Sita has been in the mass consciousness of the subcontinent from the beginning of timeless history. This is probably why Namita Gokhale, on a visit to Sri Lanka thought she saw Sita sitting on a rock in the Peradeniya Gardens, which set her on a path to search for Sita.

“In Search of Sita. Revisiting Mythology”, Edited by Prof. Malashri Lal and Namita Gokhale. was the outcome, giving us an opportunity to learn about the true Sita.

Malashri Lal and Gokhale, take us on a long journey from Pre Vedic India, through the invasions by the so-called Aryans, Muslims and the British to post colonial India introducing Sita in all her different forms, from all the different versions of the Ramayana.

The book is a collection of essays, conversations and commentaries, followed by Creative Interpretations about Sita. I would not say it is about Rama and Sita. Sita has always been misunderstood, her role misinterpreted and almost always misrepresented by the Ramayana writers who were mostly males. ‘In Search of Sita’ mentions only one female writer, the Bengali poet Chandravati. The creators of every Ramayana version always had their own reasons to talk mostly about Rama. In Valmiki Ramayana, Sita appears only in 76 sargs out of 645!

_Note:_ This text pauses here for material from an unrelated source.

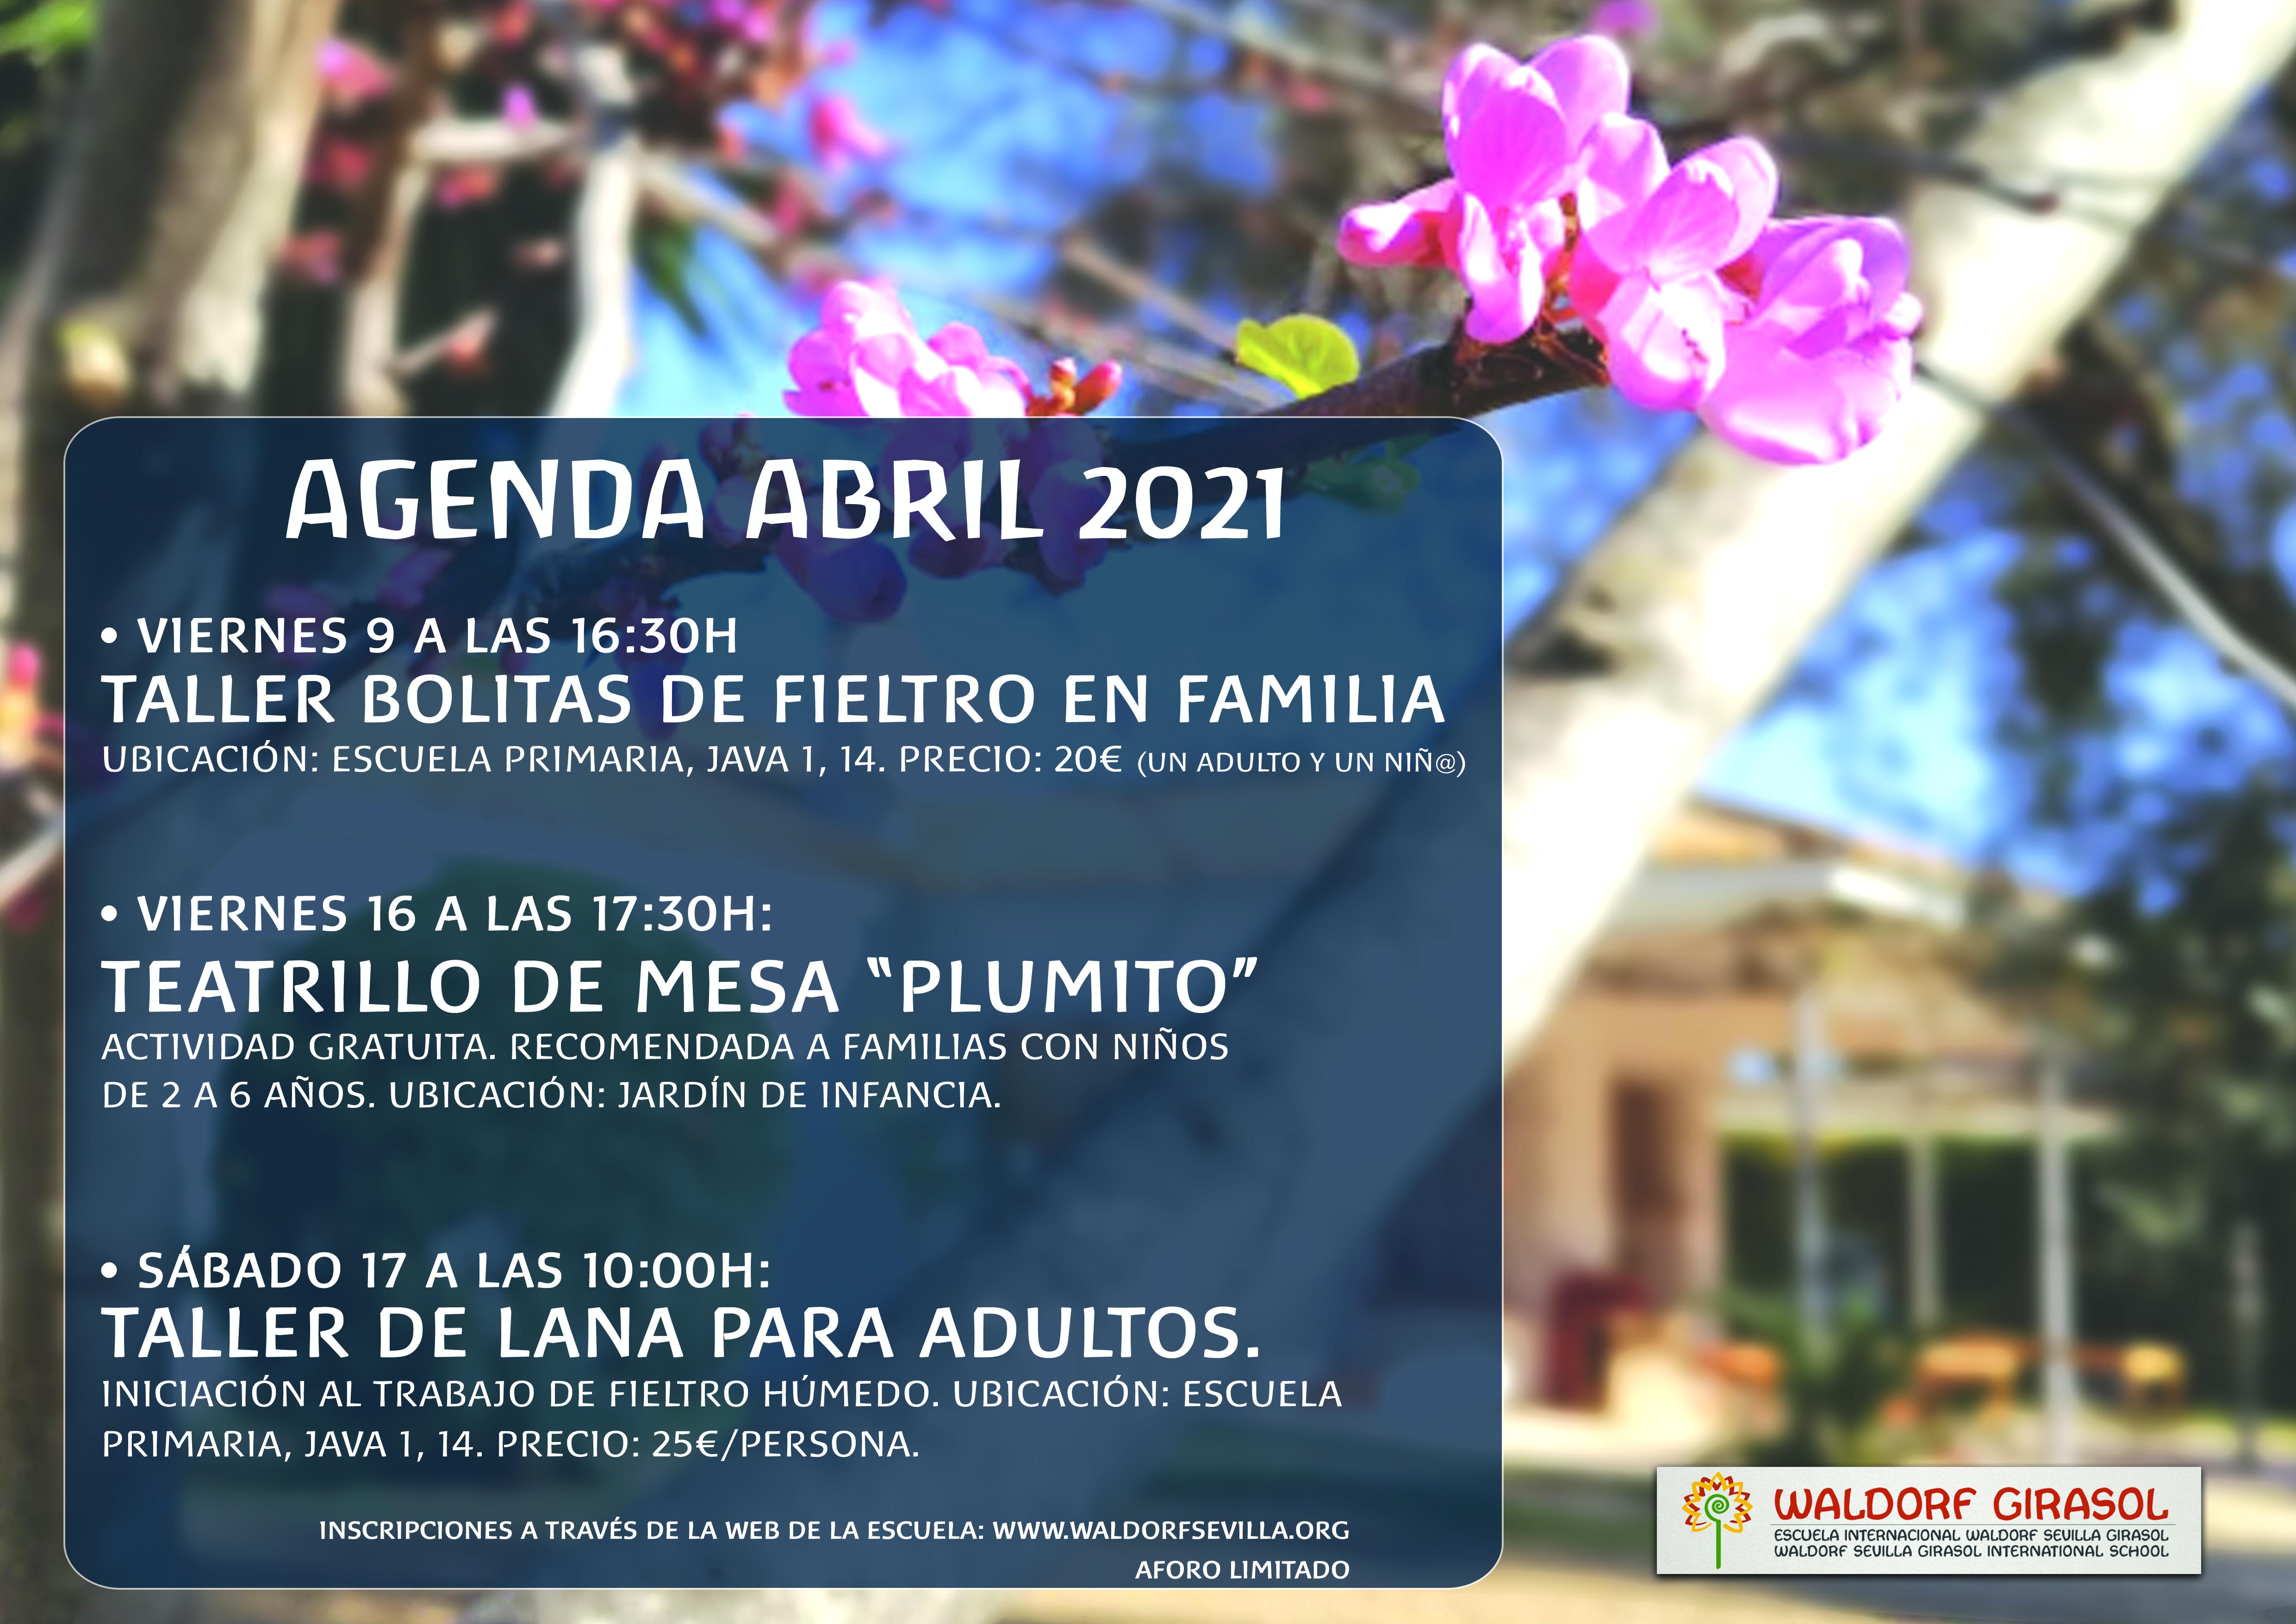 Agenda Abril 2021
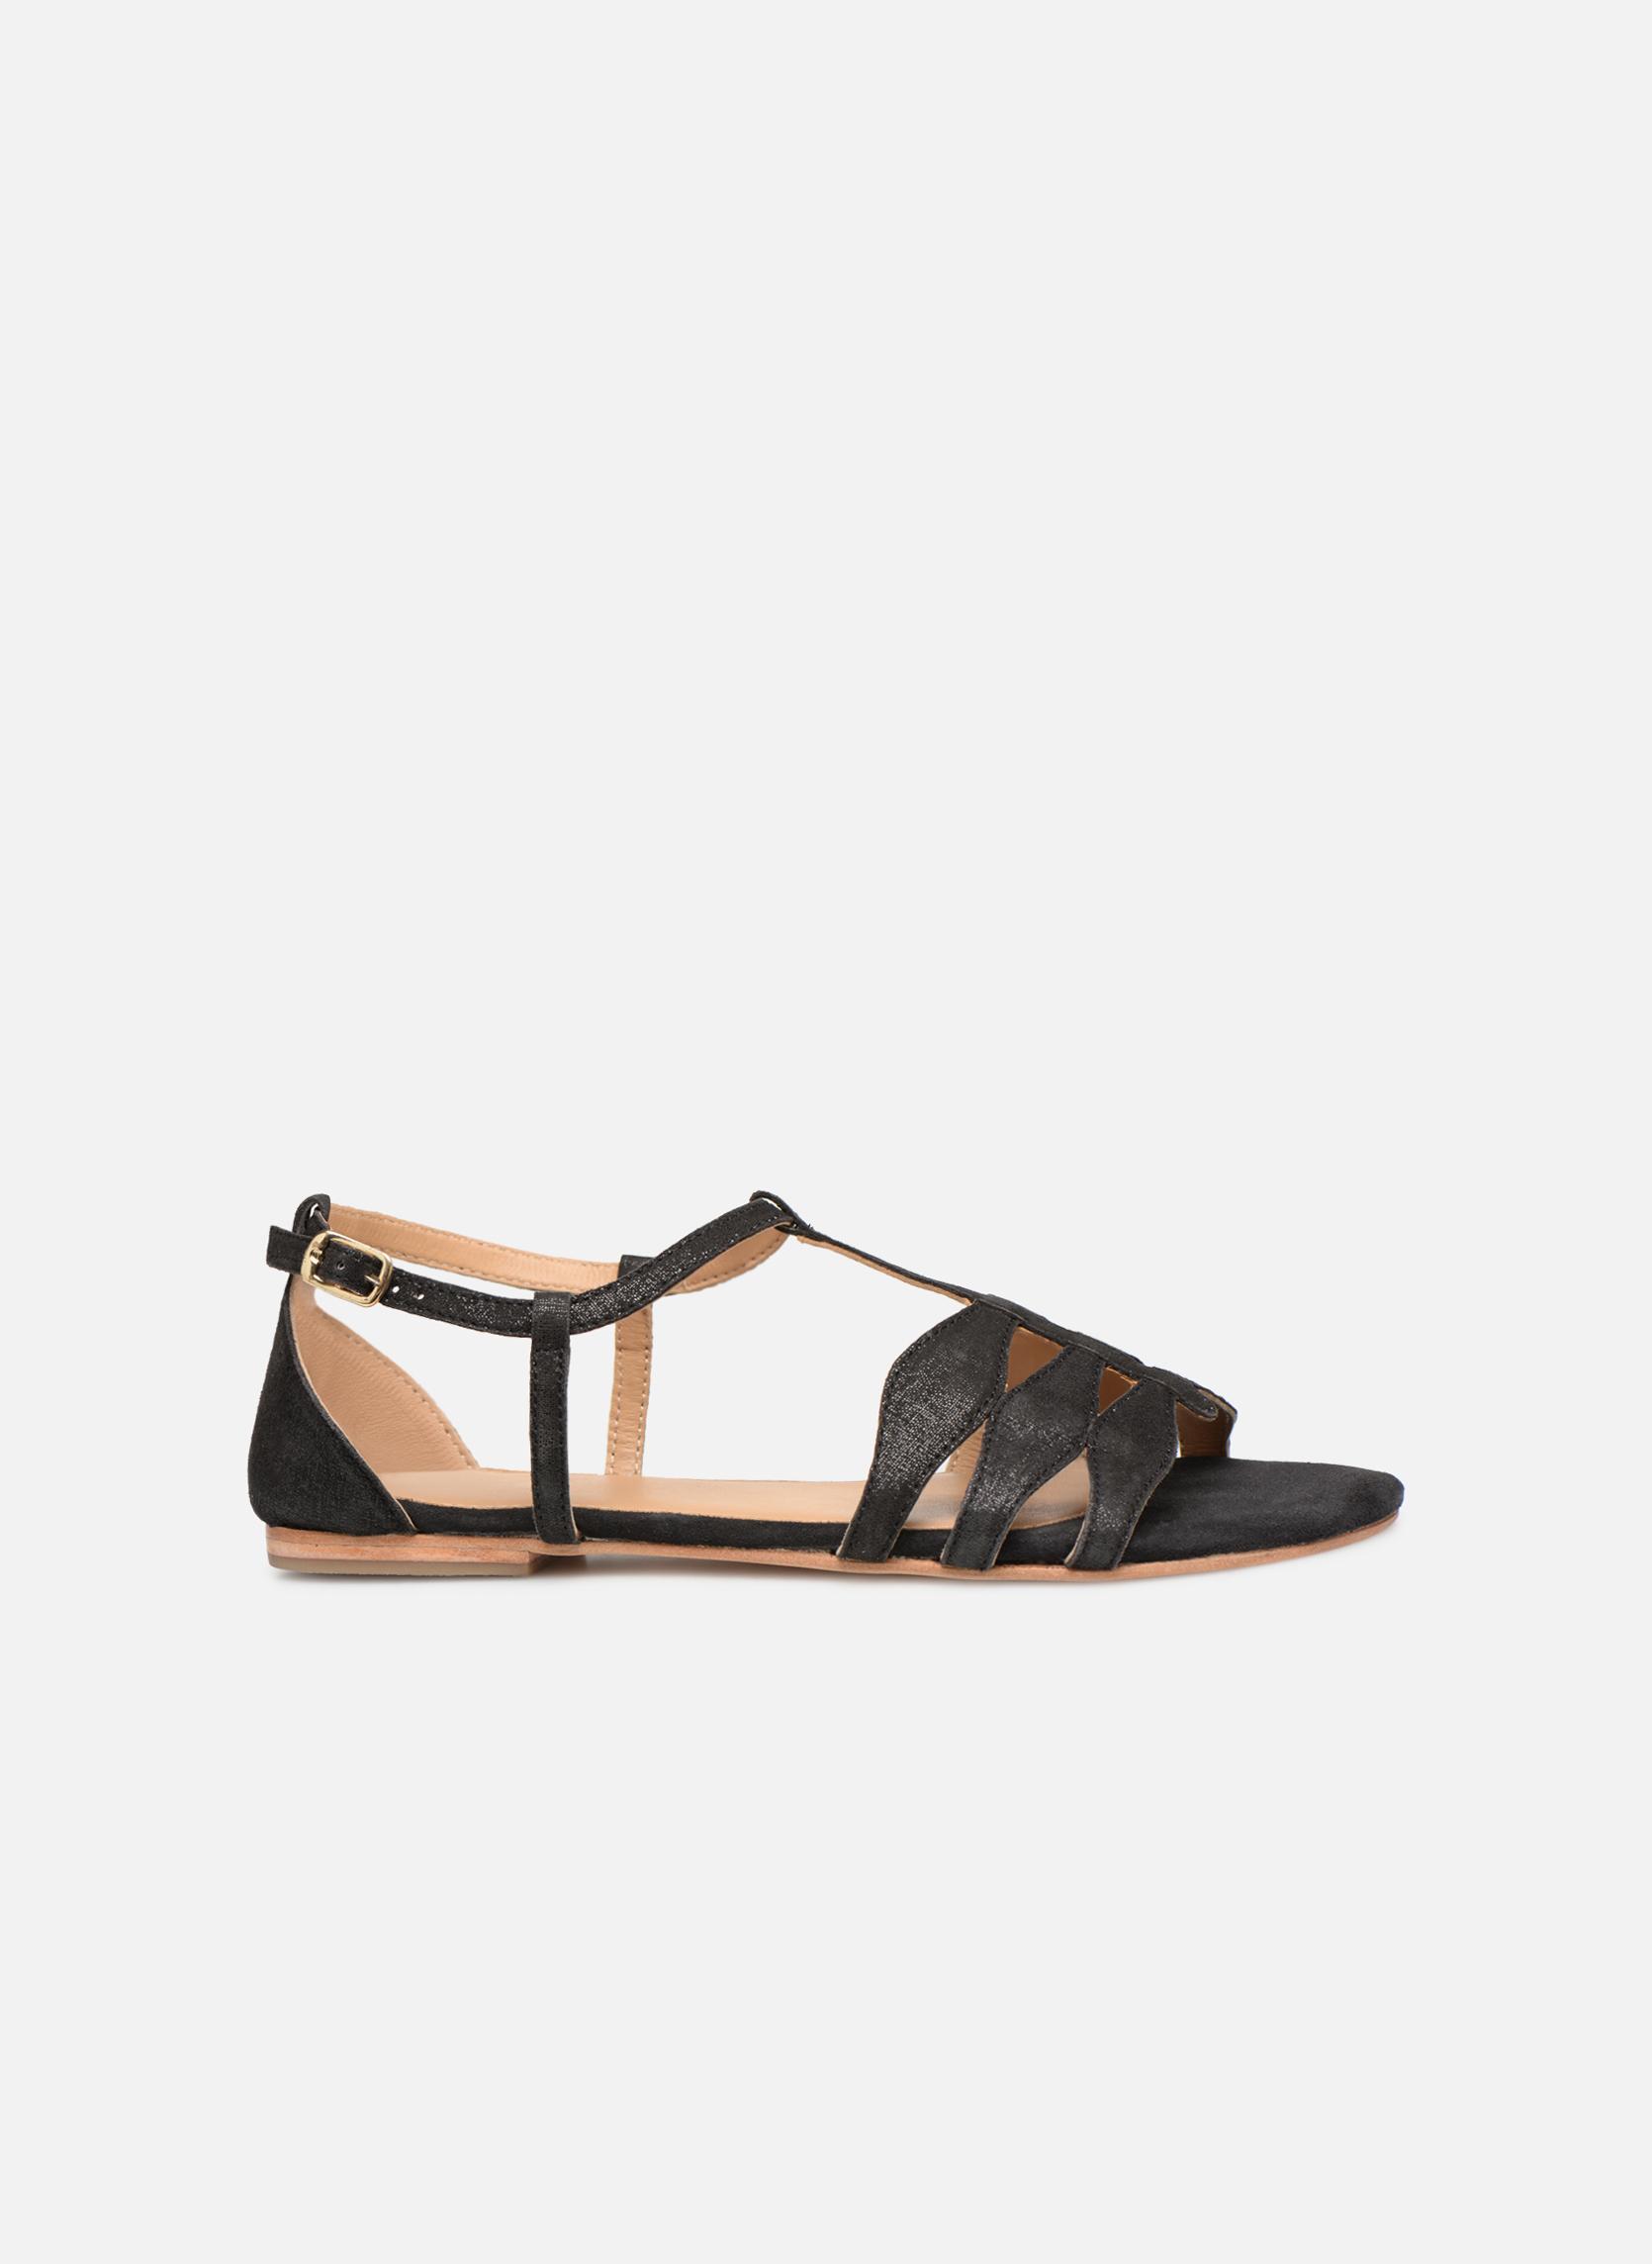 Sandales et nu-pieds Femme Bombay Babes Sandales Plates #4

Rama is called “maryada purushottam” the ideal person, epitomizing the highest discipline expected of a human being, like in Ramacharitamanas of Tulsidas. But was he an ideal husband in most of the Ramayana versions? A man who challenges his loving wife to jump into a pyre to prove her chasteness and then banishes her when she is pregnant with his own progeny. It is also argued that this incident was never in the original Valmiki. Was he an ideal man because he had the courage to cut off the nose of Surpanakha, just because she desired him?

Sita has been an ideal wife in almost all versions. However, in this book I could not find an ancient Indian word for an ideal woman.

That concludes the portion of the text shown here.